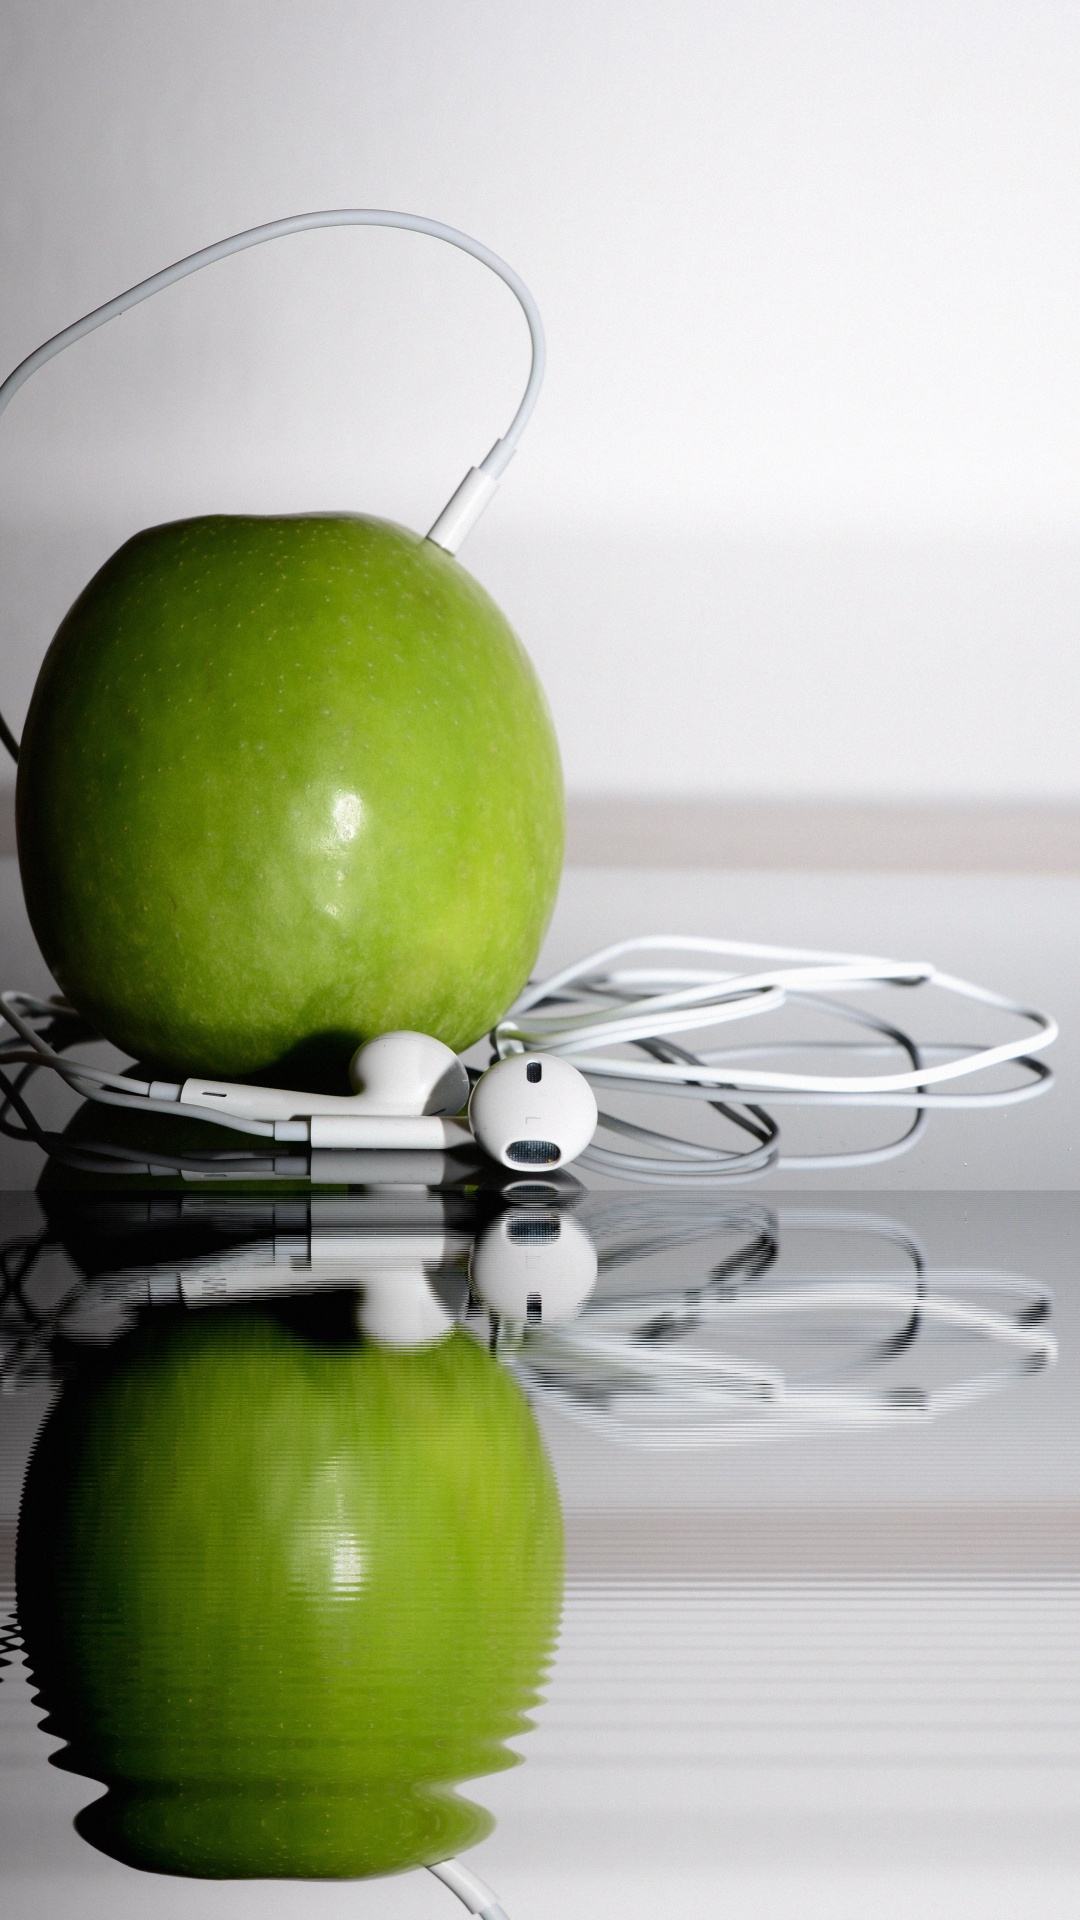 苹果的耳机, 绿色的, 奶奶史密斯, Apple, 食品 壁纸 1080x1920 允许
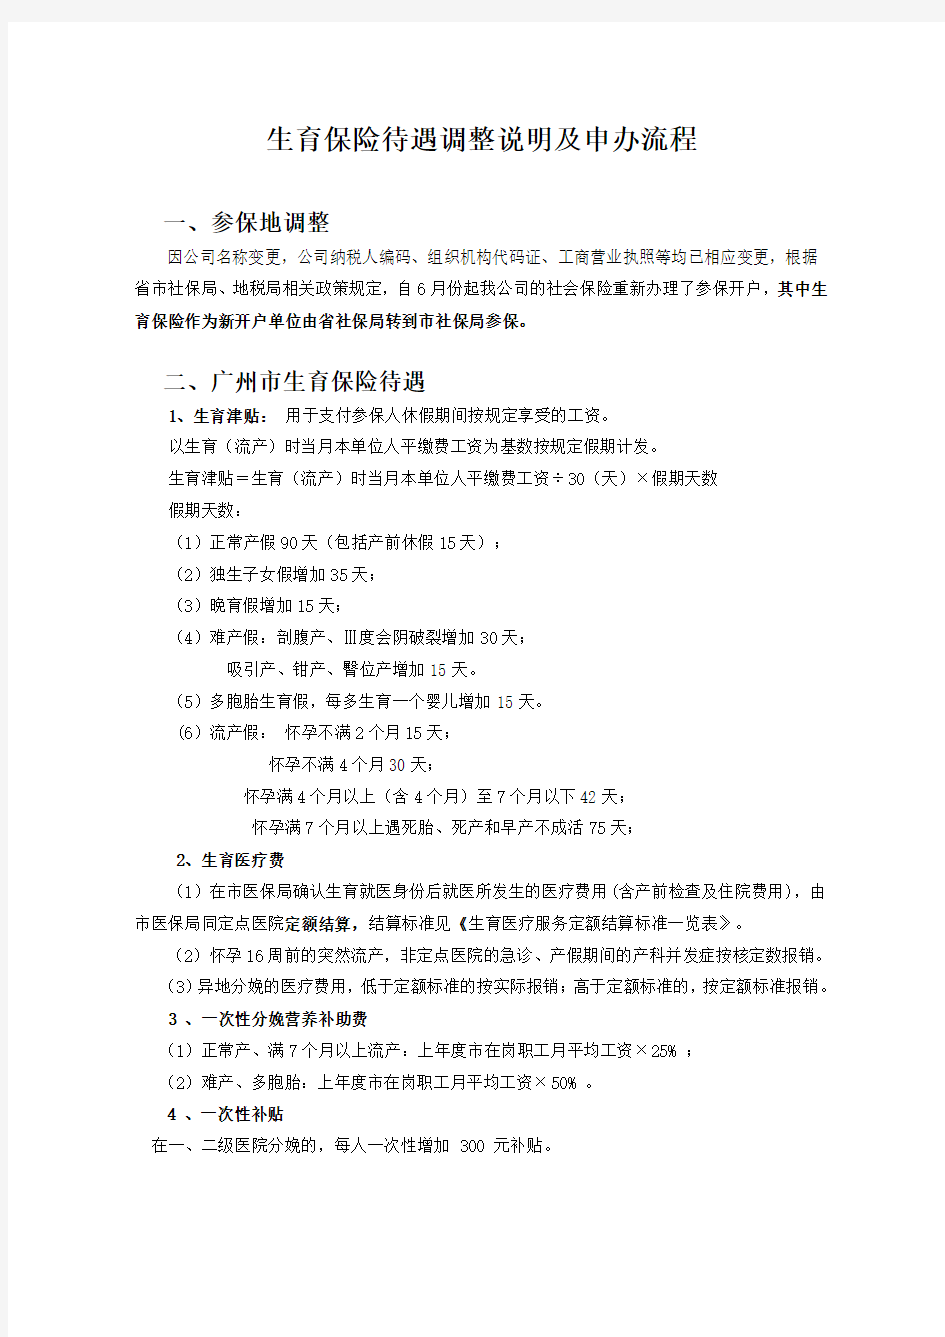 生育保险调整说明及申办流程(广州市参保人员)
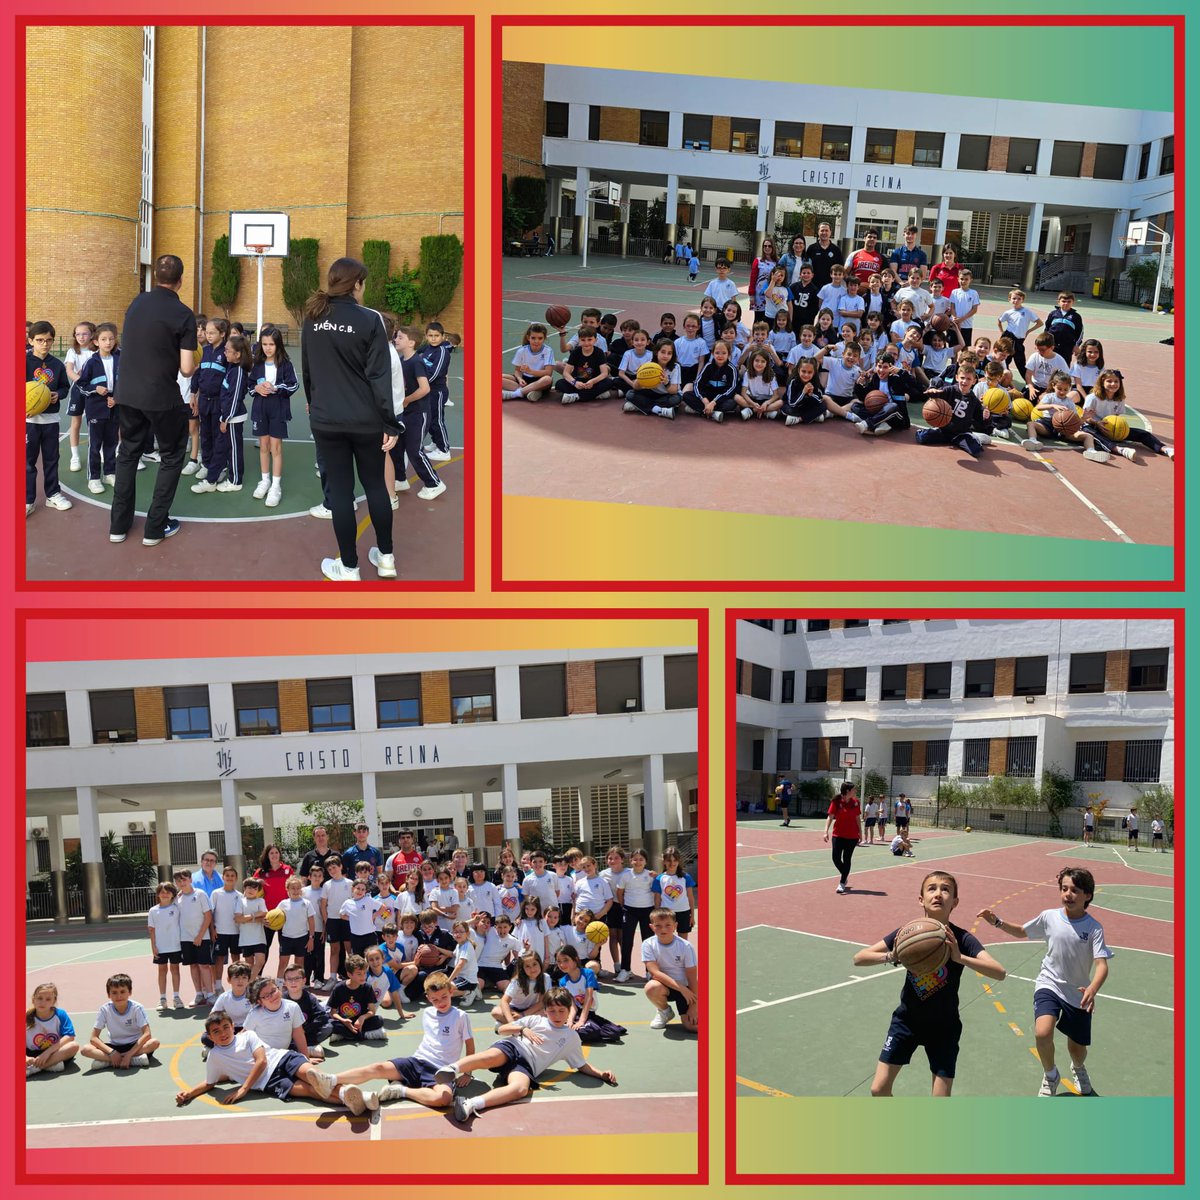 Presentación, para el alumnado de 1º a 4º de Educación Primaria, de la actividad deportiva “#baloncesto”, en colaboración con el Jaén CB, que será ofertada para el curso 24-25. ¡Una mañana muy divertida disfrutando de este maravilloso deporte! @jaen_cb #actividadesextraescolares

TO DO
Print the complete listing exactly as it stands, without its pictures.

RESULT
 苹果的耳机, 绿色的, 奶奶史密斯, Apple, 食品 壁纸 1080x1920 允许
 生育保险调整说明及申办流程(广州市参保人员)
 Presentación, para el alumnado de 1º a 4º de Educación Primaria, de la actividad deportiva “#baloncesto”, en colaboración con el Jaén CB, que será ofertada para el curso 24-25. ¡Una mañana muy divertida disfrutando de este maravilloso deporte! @jaen_cb #actividadesextraescolares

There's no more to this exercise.